From the 37 variables listed above, we can see that types of events correspond to the variable “EVTYPE”, and population health correspond to the variables “FATALITIES” and “INJURIES”, which are the numbers of fatalities and injuries in a event. So we decided to subset the data with only these three variables/columns.
events_pophealth <- storm[, c("EVTYPE", "FATALITIES", "INJURIES")]
The next step is to add the harmful variables “FATALITIES” and “INJURIES” together, and calculate the sum of these two with grouping by “EVTYPE”.
events_pophealth$harm <- events_pophealth$FATALITIES + events_pophealth$INJURIES
harm_by_evtype <- tapply(events_pophealth$harm, factor(events_pophealth$EVTYPE),
sum)
From the 37 variables listed earlier, we know that “PROPDMG”, “PROPDMGEXP”, “CROPDMG”, and “CROPDMGEXP” variables correspond to economic consequences.

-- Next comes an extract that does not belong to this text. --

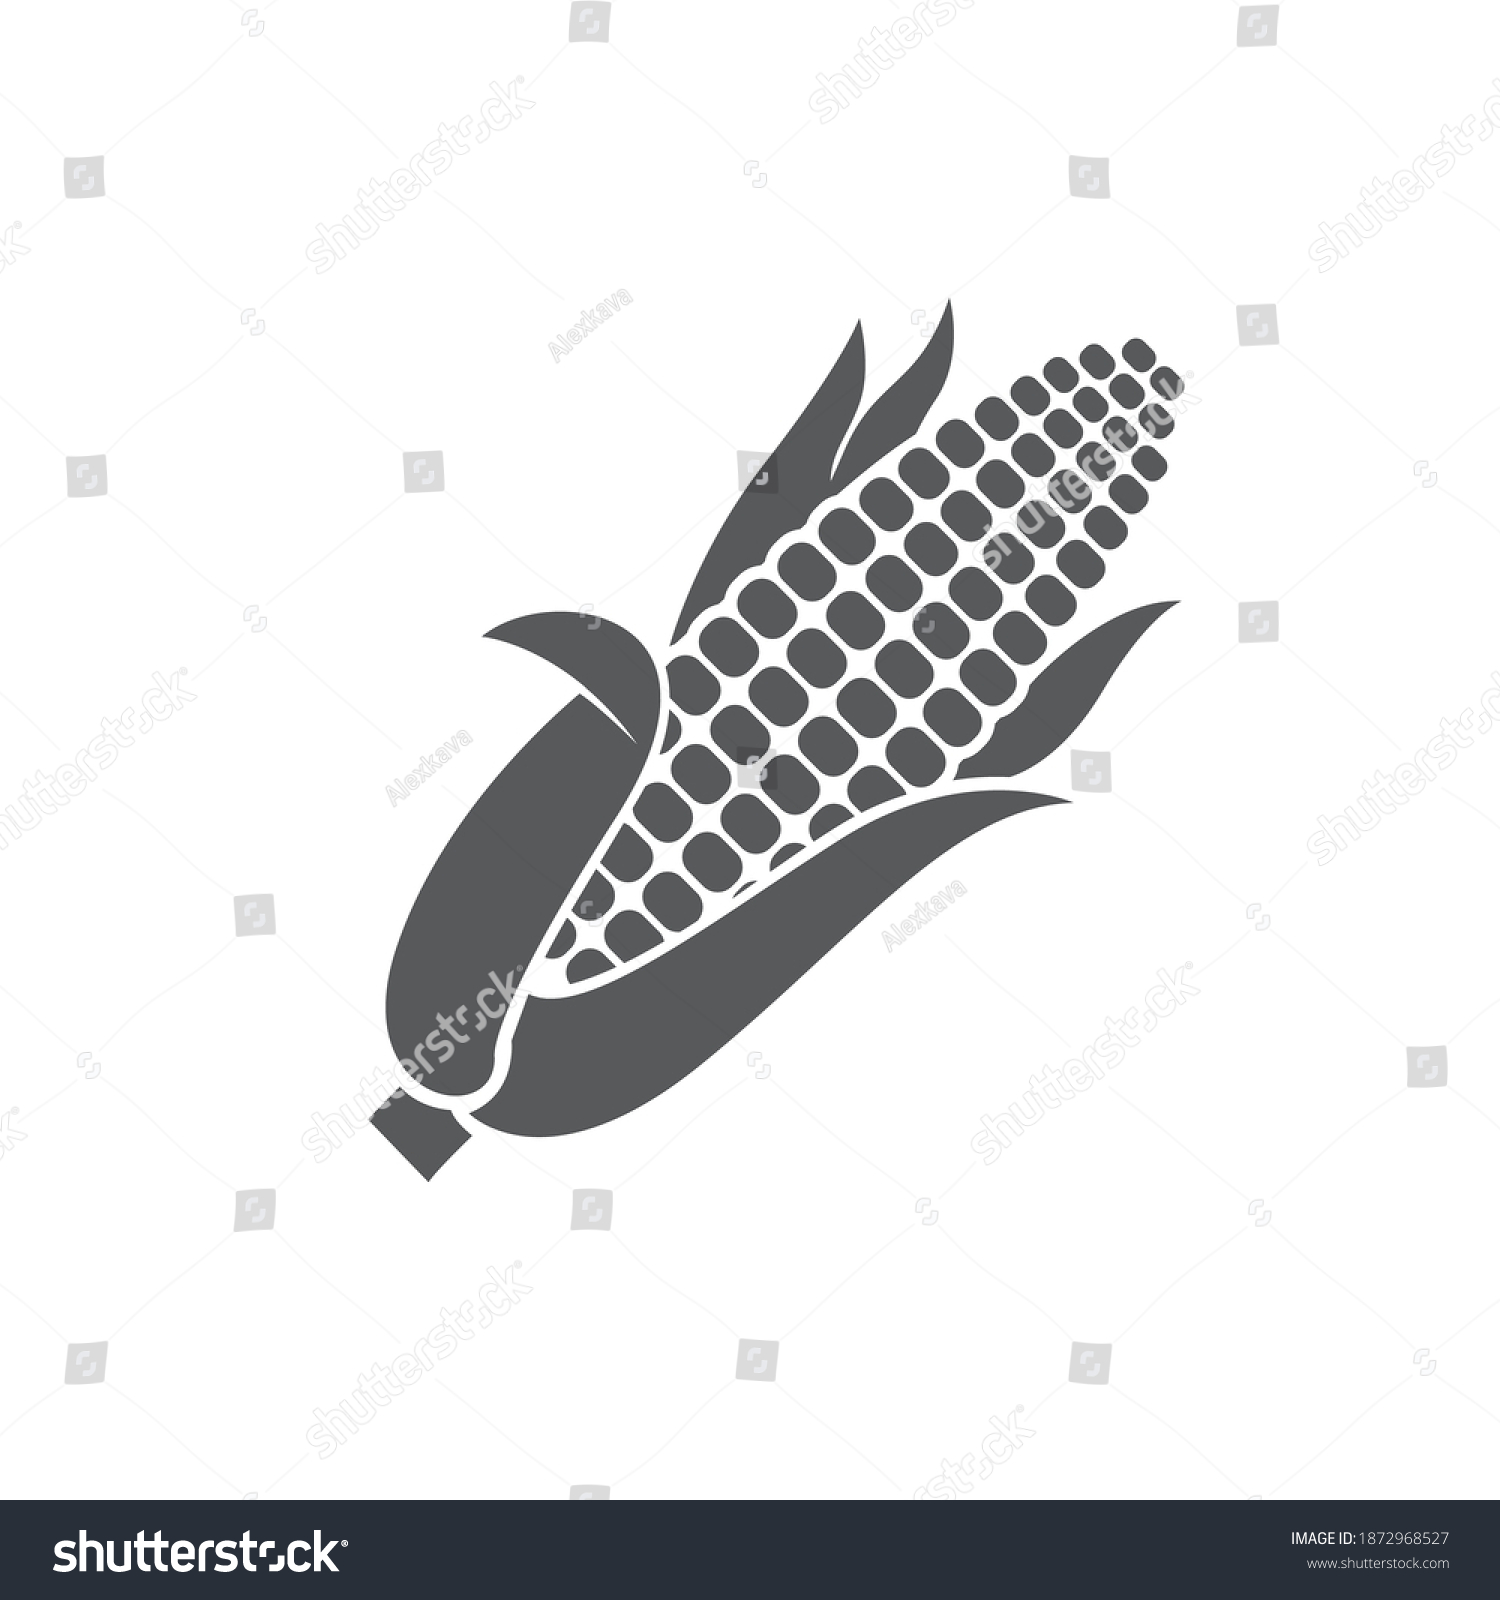 monochrome corncob icon isolated on white background #1872968527

These variables are the property damages and crop damages as well as the damage magnitudes in “K” (thousand), “M” (million), and “B”(billion) in a event. So we only subset the data with these four variables/columns together with variable “EVTYPE” for analyzing the economic results.
events_ecodmg <- storm[, c("EVTYPE", "PROPDMG", "PROPDMGEXP", "CROPDMG", "CROPDMGEXP")]

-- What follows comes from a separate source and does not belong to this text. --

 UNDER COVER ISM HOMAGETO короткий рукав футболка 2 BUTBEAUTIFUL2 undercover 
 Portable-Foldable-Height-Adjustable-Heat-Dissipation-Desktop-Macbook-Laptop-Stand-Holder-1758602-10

Before we can add the two variables “PROPDMG” and “CROPDMG” together, we need to consider the magnitudes of the damages, and then calculate the sum of these two.
events_ecodmg$PROPDMGEXP <- as.character(events_ecodmg$PROPDMGEXP)
events_ecodmg$CROPDMGEXP <- as.character(events_ecodmg$CROPDMGEXP)
events_ecodmg$PROPDMGEXP[which(events_ecodmg$PROPDMGEXP == "K")] <- "000"
events_ecodmg$PROPDMGEXP[which(events_ecodmg$PROPDMGEXP == "M")] <- "000000"
events_ecodmg$PROPDMGEXP[which(events_ecodmg$PROPDMGEXP == "B")] <- "000000000"
events_ecodmg$CROPDMGEXP[which(events_ecodmg$CROPDMGEXP == "K")] <- "000"
events_ecodmg$CROPDMGEXP[which(events_ecodmg$CROPDMGEXP == "M")] <- "000000"
events_ecodmg$CROPDMGEXP[which(events_ecodmg$CROPDMGEXP == "B")] <- "000000000"
events_ecodmg$PROPDMG <- paste(events_ecodmg$PROPDMG, events_ecodmg$PROPDMGEXP,
sep = "")
events_ecodmg$CROPDMG <- paste(events_ecodmg$CROPDMG, events_ecodmg$CROPDMGEXP,
sep = "")
events_ecodmg$PROPDMG <- as.numeric(events_ecodmg$PROPDMG)
## Warning: NAs introduced by coercion
events_ecodmg$CROPDMG <- as.numeric(events_ecodmg$CROPDMG)
## Warning: NAs introduced by coercion
events_ecodmg$ecodmg <- (events_ecodmg$PROPDMG + events_ecodmg$CROPDMG)/1e+09
events_ecodmg$ecodmg[which(is.na(events_ecodmg$ecodmg))] <- 0
Now, we can calculate the sum of economic damage with grouping by “EVTYPE”.
ecodmg_by_evtype <- tapply(events_ecodmg$ecodmg, factor(events_ecodmg$EVTYPE),
sum)
To answer the question “Across the United States, which types of events are most harmful with respect to population health?” We choose only look at the top 5 harmful sum based on EVTYPE (events type), and plot the figure accordingly.
harm_by_evtype <- sort(harm_by_evtype, decreasing = TRUE)[1:5]
Events <- names(harm_by_evtype)
qplot(Events, harm_by_evtype, main = "Top 5 Events Harmful to US Population Health",
ylab = "Total Number of Fatalities and Injuries", geom = "bar", stat = "identity",
fill = Events)
From the plot we can see that the most harmful weather event to US populaiton health since 1950 is Tornado, with the total number is more than magnitude larger than other events such as Excessive Heat, TSTM Wind, Flood, etc.
To answer the question “Across the United States, which types of events have the greatest economic consequences?” Similarly, we choose only look at the top 5 economic consequences based on EVTYPE (events type), and plot the figure accordingly.
ecodmg_by_evtype <- sort(ecodmg_by_evtype, decreasing = TRUE)[1:5]
Events_Type <- names(ecodmg_by_evtype)
qplot(Events_Type, ecodmg_by_evtype, main = "Top 5 Events Have Great Economic Consequences in US",
ylab = "Property and Crop Damages (in Billions)", geom = "bar", stat = "identity",
fill = Events_Type)
The above plot shows that among the various weather events types, Flood has the greatest economic consequences in US, which has caused damages in about 150 billion dollars since 1950.